# advice on what my wifes really saying



## dave77g (Sep 6, 2010)

whats the best thing to do t o get my wife back, she says shes still in love with me, and her feelings are to strong to just be friends, she broke up with me, she wont even contact me i told her i want things to work out with us. do you think these are mixed signals. or is it me just hoping they are. i dont want to give up on her i am giving her space for 2weeks . been apart 5weeks ANY ADVICE ON WHAT TO DO WOULD BE APPRECIATED


----------



## Oldpuller (Sep 6, 2010)

OK, try this, it worked for me.

ON NO ACCOUNT GROVEL TO HER IN ANY WAY FORM OR MANNER

" Girtrude, I love you, I care about you, you are the most important woman in the world to me. However, I am not a spoilt child, I understand that I cannot always have the things I really want. At the end of the day it takes two and if you are not interested, then there is nothing I can do. I wont bother you again. I will leave the door open, for a few days anyway, in case you decide to return. Take Care and Goodbye Girtrude."

You are showing that you are very emotionally stable, that you are assertive, something women love in a man, that you love her and that she is about to throw it all away. 

DONT CALL HER AFTER THIS EVEN IF SHE LEAVES A MESSAGE LET HER CALL YOU AGAIN.

Seal the deal with the best sex she has ever had. Put Jason Julius into your search engine and see what comes up. 

Take it Easy

Oldpuller


----------



## dave77g (Sep 6, 2010)

thanks for your post but have doubts about telling her shes only got a few days i dont want to push to much


----------



## healingme (Aug 21, 2010)

I'm sorry Oldpuller (very appropriate name by the sounds of it). Your post disgusts me, is sexist and manipulative and downright chauvanistic. Are you for real???



Dave, my stbxh never fought for me. Even when the drunken idiot over the road groped me and accidently burned me with his cigarette, my stbxh did nothing. If he grovelled, I'd think he was pathetic. But if he manned up and took responsibility for half of the issues in our marriage, there may have been some changes. Don't give her an ultimatum. Don't make her feel trapped in any way. Show her you can take the initiative. Go and have counselling. Get some information and organise a time to sit down with her and talk through some positive options. For God's sake, this is not a game. Do not try manipulating her. Treat her with respect and care and keep your dignity. Make yourself look good. Remind her of the package she married. And when you've done all that, build a time machine and go back 2 years and tell all this to my husband.


----------



## dave77g (Sep 6, 2010)

thaks for your advice i have asked if she would go to counselling with me and she declined its our anniversary tomorrow (9th september) i am thinking of leaving a red rose on her car wndscreen with a thinking of you card with 3 kisses in it what does everyone think i would do anything for this women. weve not even mentioned divorce i have asked her to get in touch about sorting out whats happening with our house cause she wanted me to buy her out but 1 week on and no reply anyone got a opinion on this


----------



## Leaise Igoa (Sep 7, 2010)

I think you should go through with your rose idea. She might really like that. Try it and let us know how that works out.


----------



## dave77g (Sep 6, 2010)

i think im going to you dont think it makes me look needy though do you


----------



## Orion (Jul 17, 2010)

dave77g,

I know that you are hurting and want your wife back. The rose on the car thing kinda makes you look needy or desperate, in my opinion. I have no idea as to whether it will work. Here's the thing, I don't know how you treated her before the separation but if you treated her well and expressed how you felt about her, then she already knows that. Leaving a rose and stuff would be appropriate if you two were on those terms. Currently, you are not. I think that the advice about counseling is good if she is willing to go.
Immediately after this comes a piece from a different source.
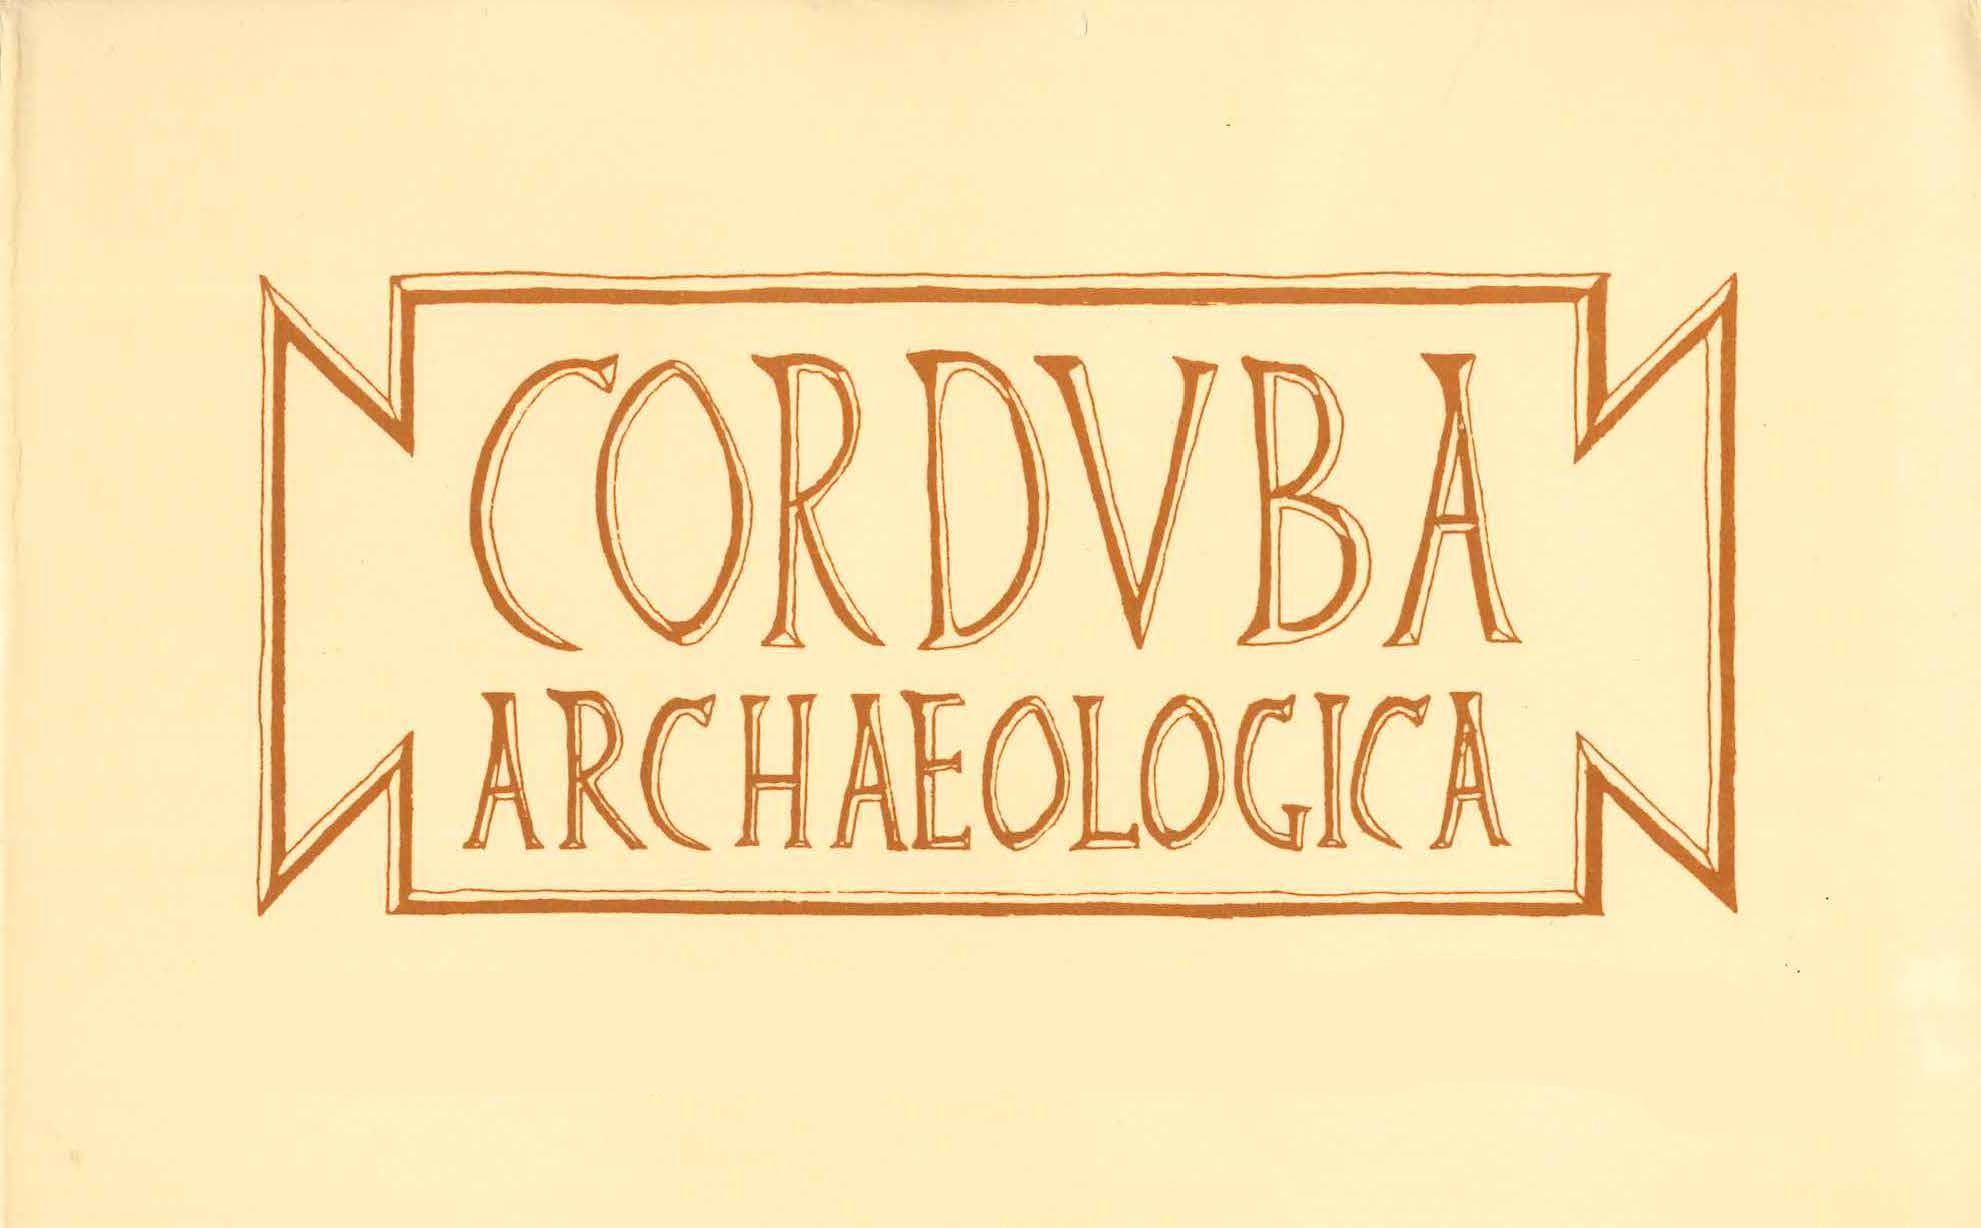 Corduba Archeologica

It seems that her "need for space" is because she is unsure about your marriage. People generally don't go putting a perfectly good marriage on pause just because they feel like it. You need to be really honest with yourself and see if there is any reason why she would want/need to get some space and make up her mind about the marriage.

I am not big on ultimatums. You need to think about how long YOU want to be in limbo. Set a mental deadline with yourself. Do what you feel is appropriate to save your marriage and then, if she does not come around, get on with your life. If you are a decent dude (and you probably are), you can find someone who will be more sure about a relationship with you. Good luck.


----------



## Leaise Igoa (Sep 7, 2010)

I personally dont think it makes you look needy. I think it shows that you love her. I mean, its your anniversary!! Showing her a sign of affection on that day is a great idea, in my opinion. Something as small as that could be big for her and could open the lines of communication.


----------